ESPN analyst Dan Orlovsky kicked off a firestorm last week when he appeared on The PatMcAfee Show and shared thoughts he had heard from anonymous NFL sources regarding quarterback Justin Fields.
“One, I have heard that he is a last-guy-in, first-guy-out type of quarterback. Like, not the maniacal work ethic. I’ve even heard it compared to Justin Herbert, where it was like, dude, when Justin Herbert showed up, he was like a psychopath when it came to working and get ready for the draft. Or even at school, like, “Give me more, I want to work non-stop.” And I’ve heard that there are issues with Justin Fields’ work ethic.
The second thing is … Where is his desire to go be a great quarterback? I think that there’s a desire to be a big-time athlete, from what is expressed to me, but where is his desire to be a great quarterback? And to be great, you gotta be willing to find the things that you are not good at and just freaking grind on them.”
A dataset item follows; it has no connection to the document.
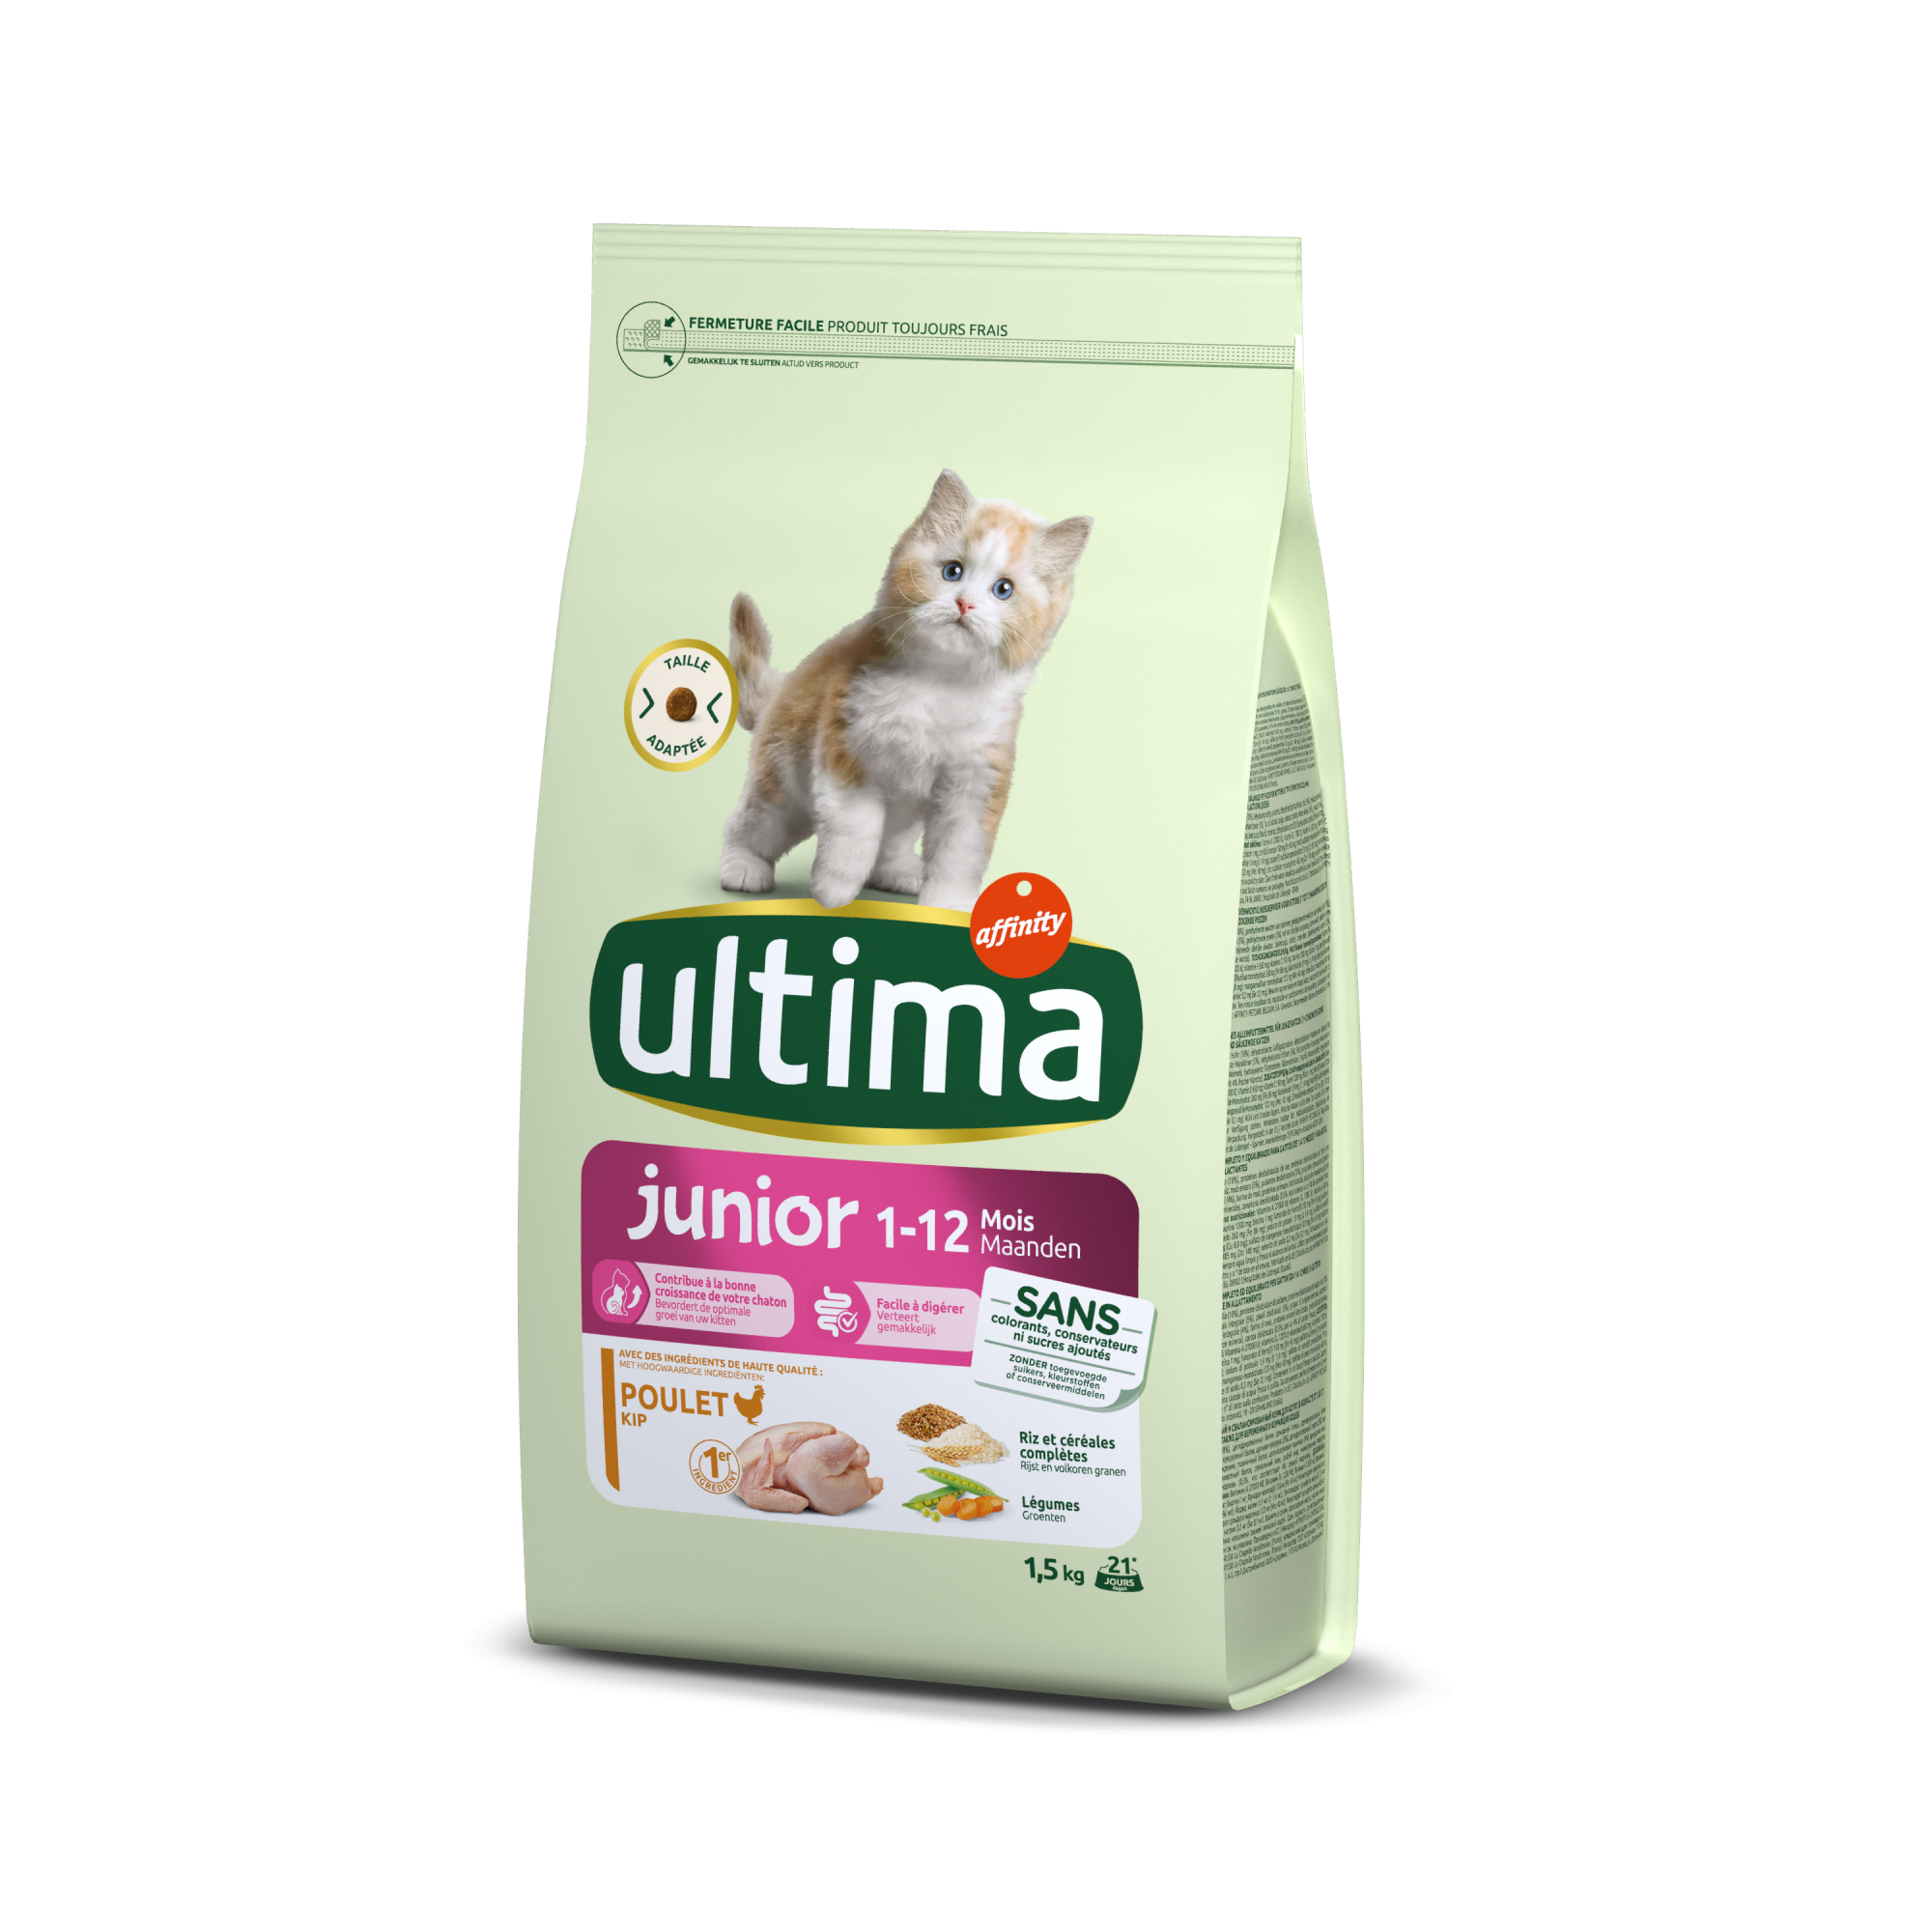 Affinity ULTIMA Sterilizzati Junior al pollo per gattini

The comments fed into a long-standing narrative that exists around Black quarterbacks and their ability to compete in the NFL.
Right on cue. Anonymous quotes slandering the Black QB using the same playbook. How predictable https://t.co/KvLbFDjuyT
— Evan Barnes〽️ (@evan_b) March 31, 2021
Along with opening old old (and all-too-predictable) woulds, the comments also didn’t sit well with the people who would already know whether or not Fields did, in fact, have a bad work ethic: Ohio State insiders.
Our own Ben Koo, an Ohio State alum, shared his insight in the initial post, refuting these quotes and ideas about the team’s star QB this past season.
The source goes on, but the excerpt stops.